/---

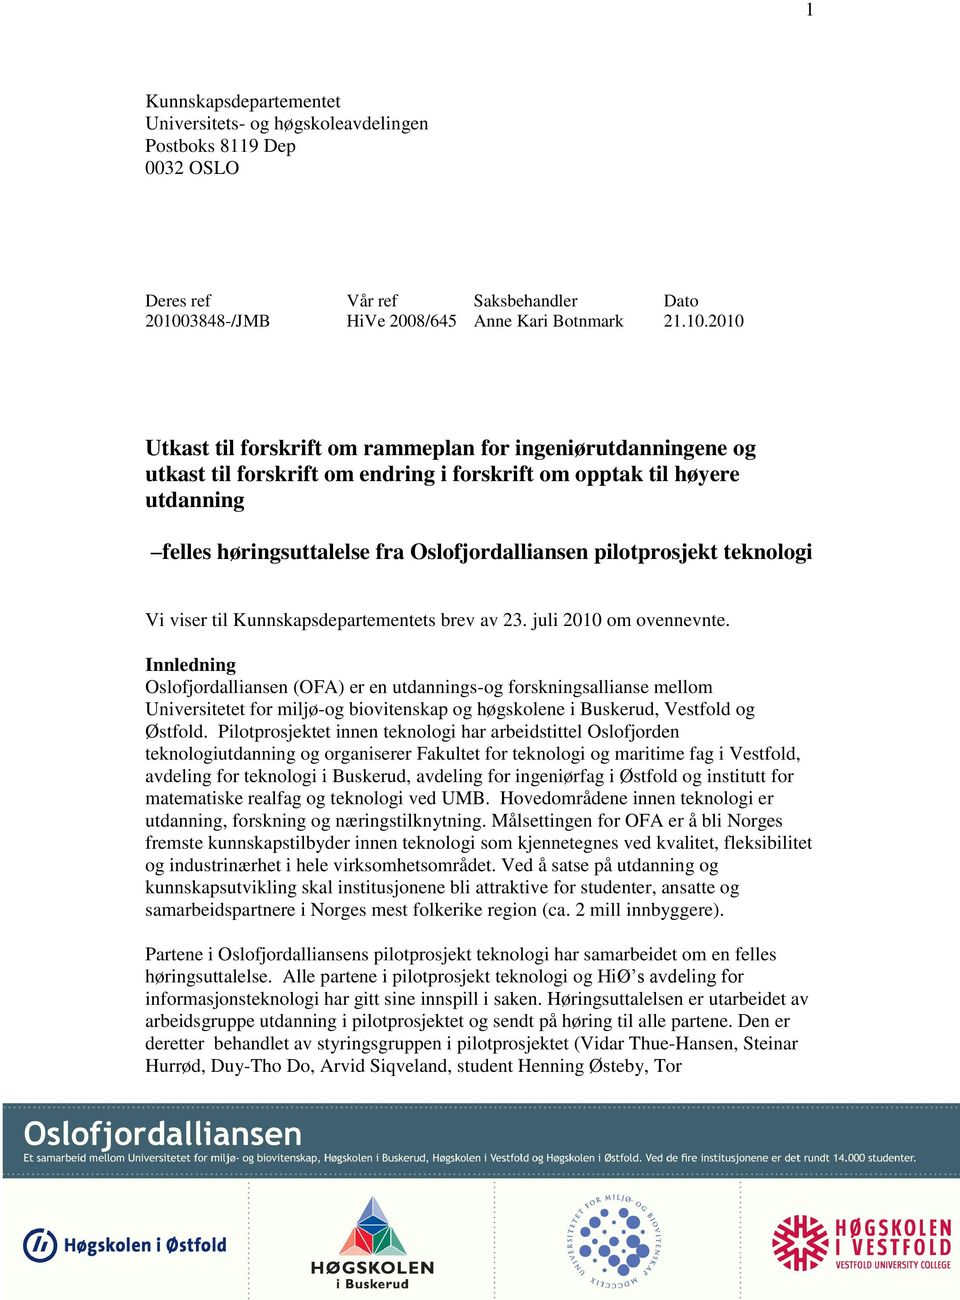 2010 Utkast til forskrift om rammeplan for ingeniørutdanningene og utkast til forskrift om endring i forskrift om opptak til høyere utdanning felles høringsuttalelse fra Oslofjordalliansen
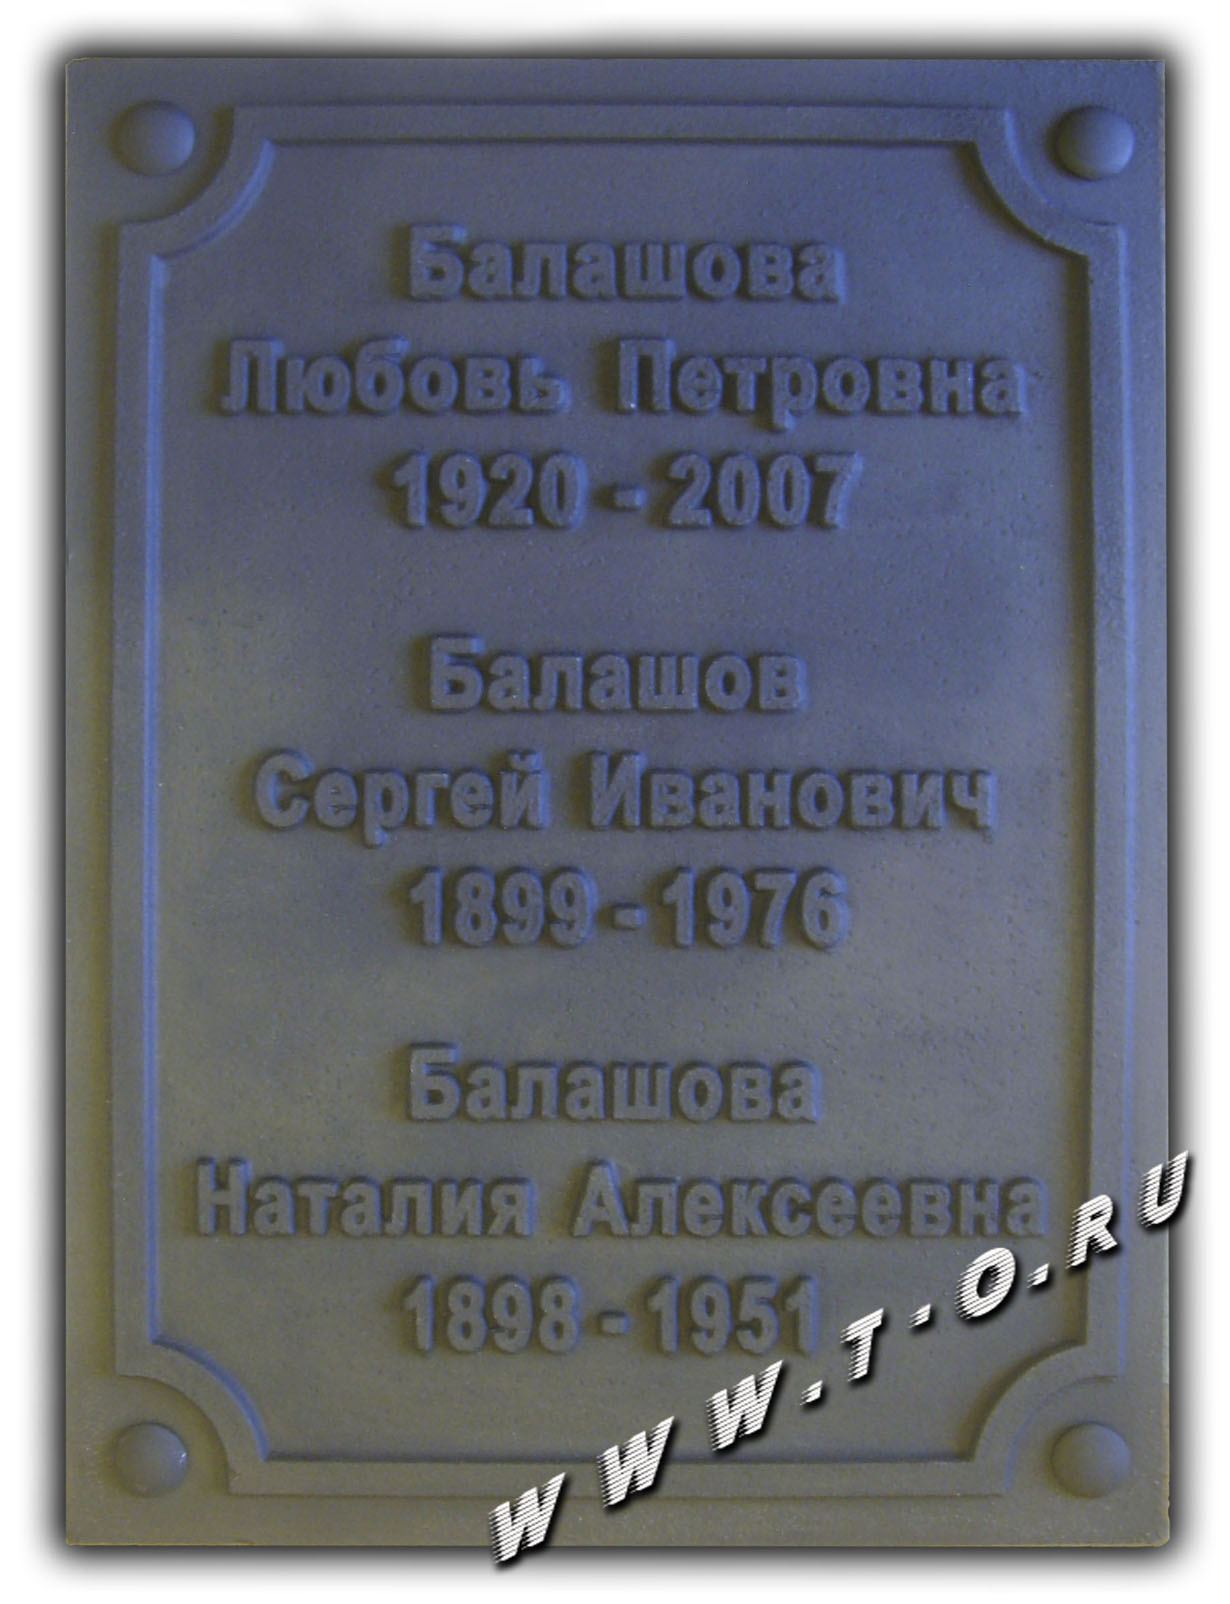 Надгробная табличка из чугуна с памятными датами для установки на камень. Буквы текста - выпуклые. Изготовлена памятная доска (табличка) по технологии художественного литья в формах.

\---
/---

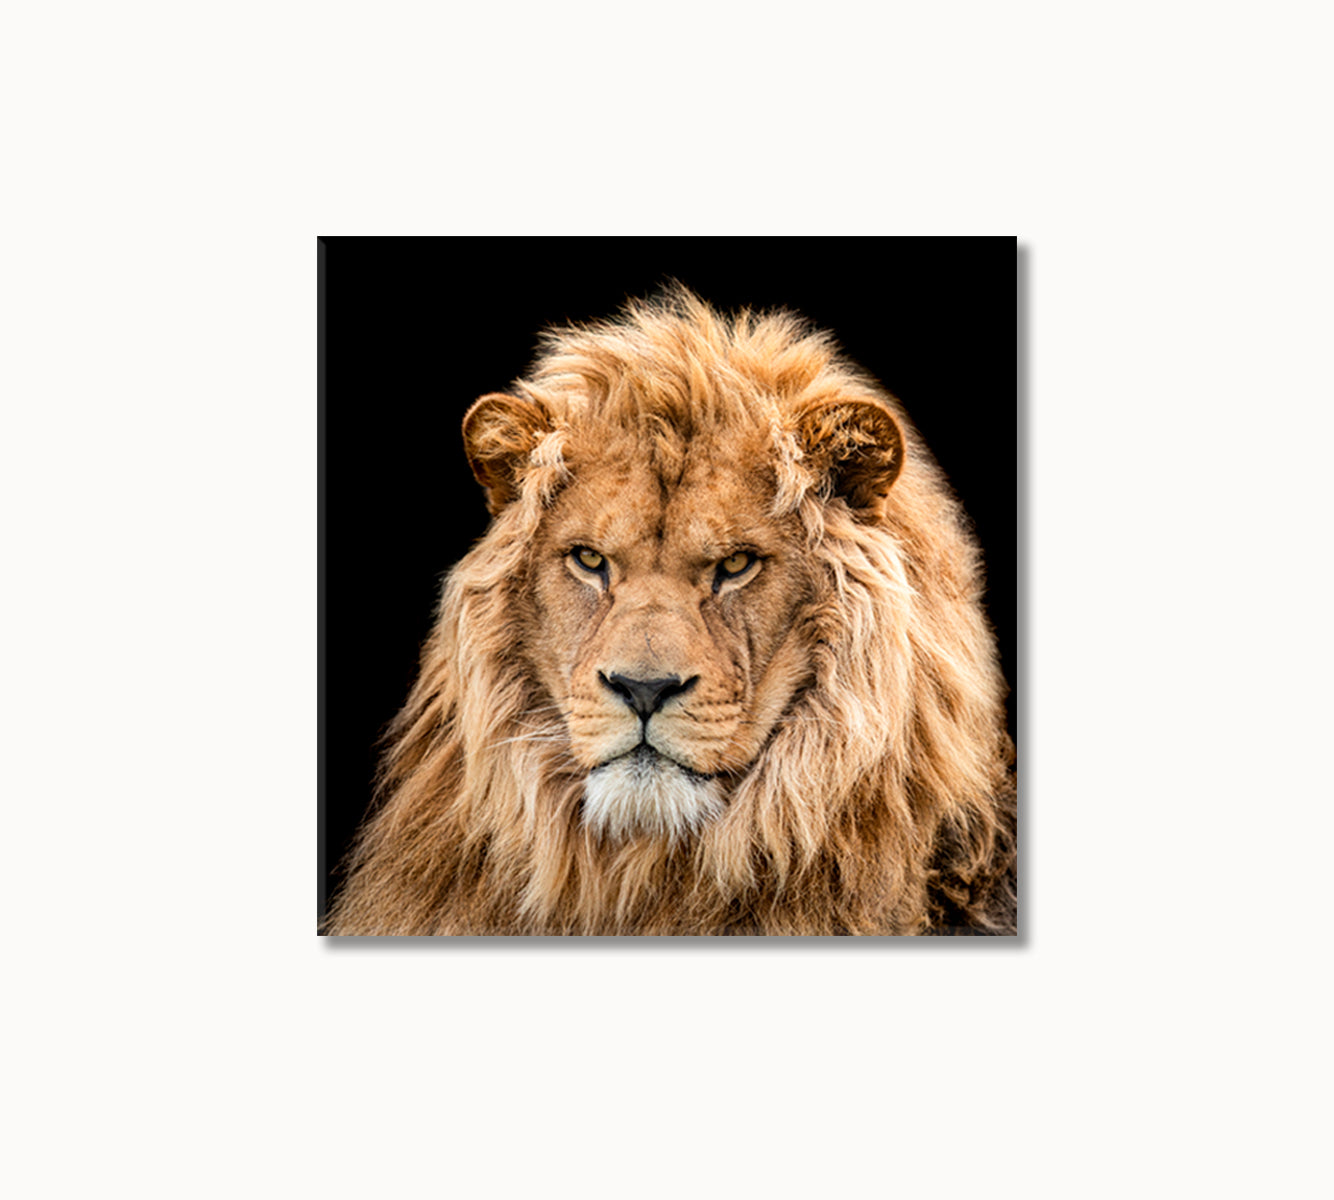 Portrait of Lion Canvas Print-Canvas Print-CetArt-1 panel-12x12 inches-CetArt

\---

§ Task requirements
Your answer is the exact run of lines above from the one with "2010 Utkast til" through the one with "Надгробная табличка из", both ends included, minus any picture.

§ Answer to the problem
 2010 Utkast til forskrift om rammeplan for ingeniørutdanningene og utkast til forskrift om endring i forskrift om opptak til høyere utdanning felles høringsuttalelse fra Oslofjordalliansen
 Надгробная табличка из чугуна с памятными датами для установки на камень. Буквы текста - выпуклые. Изготовлена памятная доска (табличка) по технологии художественного литья в формах.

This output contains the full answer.